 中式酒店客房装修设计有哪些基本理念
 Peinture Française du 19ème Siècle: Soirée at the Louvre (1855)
--
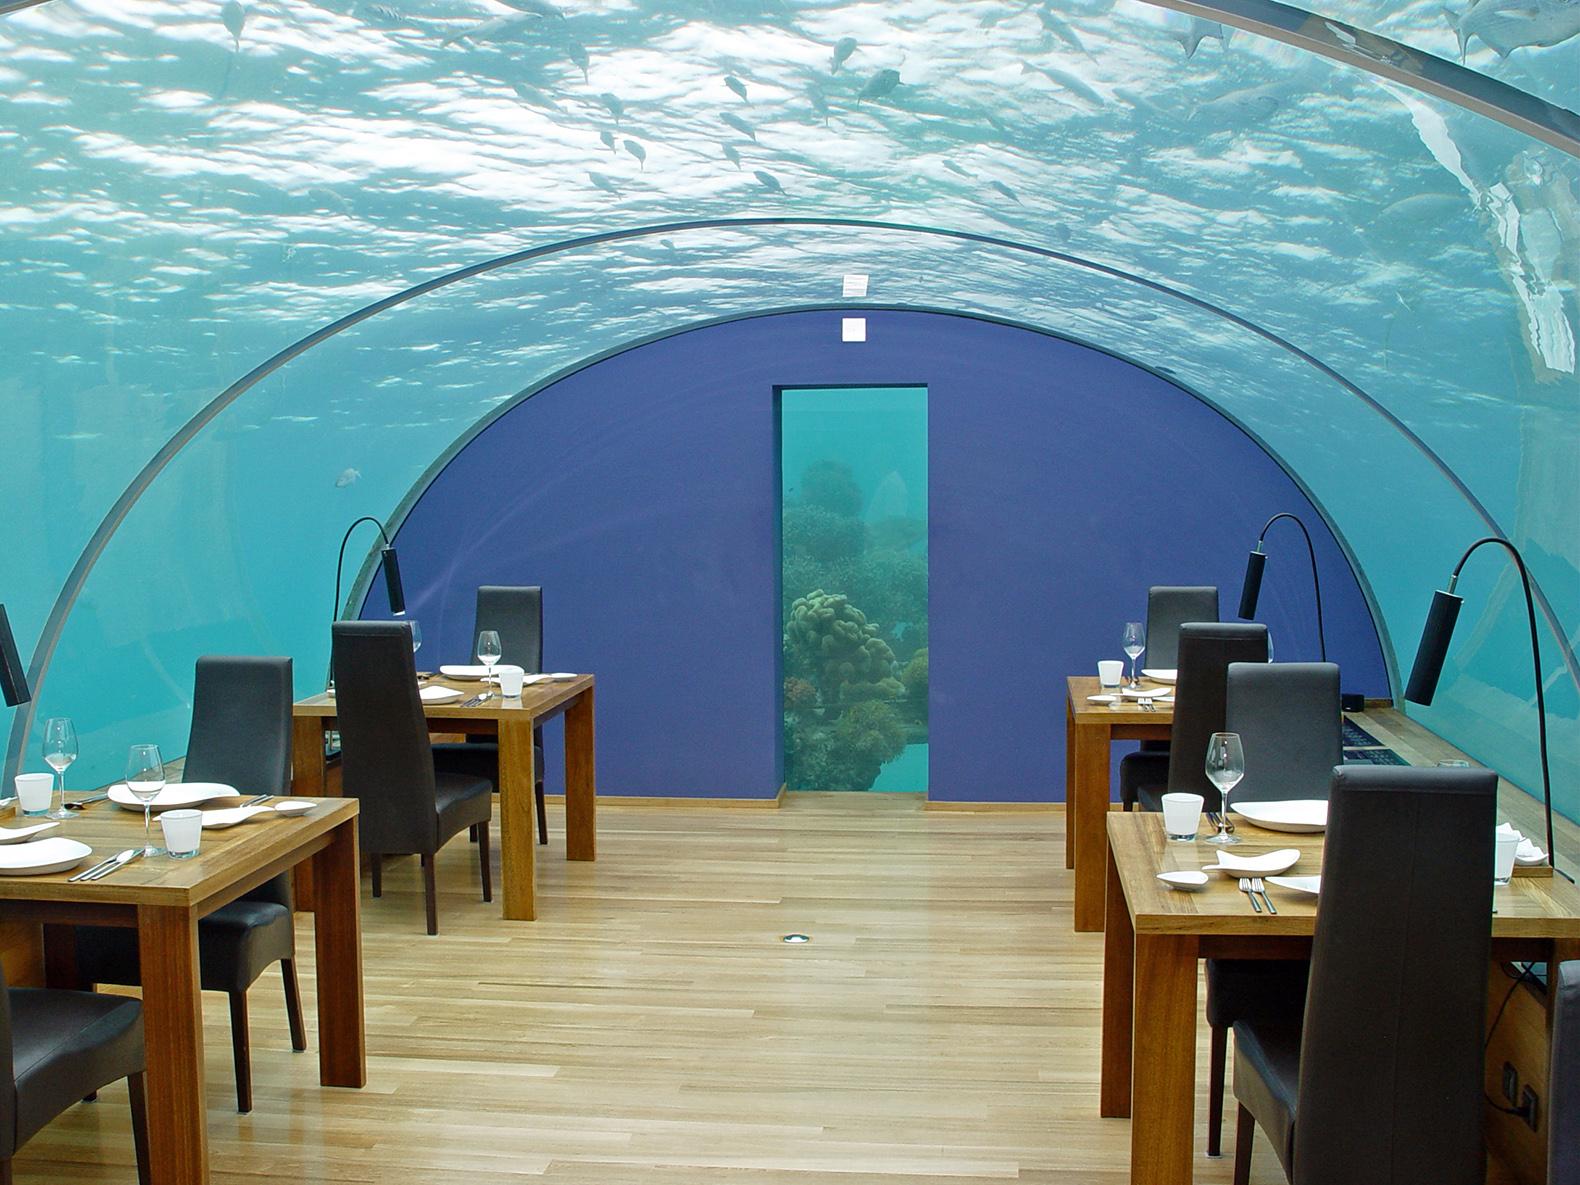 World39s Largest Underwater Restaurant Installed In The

§ WHAT TO DO: With the line holding "中式酒店客房装修设计有哪些基本理念" as the first and the line holding "Peinture Française du" as the last, set down that range of the entries above exactly, and nothing else.

§ THE COMPLETED TASK:
 中式酒店客房装修设计有哪些基本理念
 Peinture Française du 19ème Siècle: Soirée at the Louvre (1855)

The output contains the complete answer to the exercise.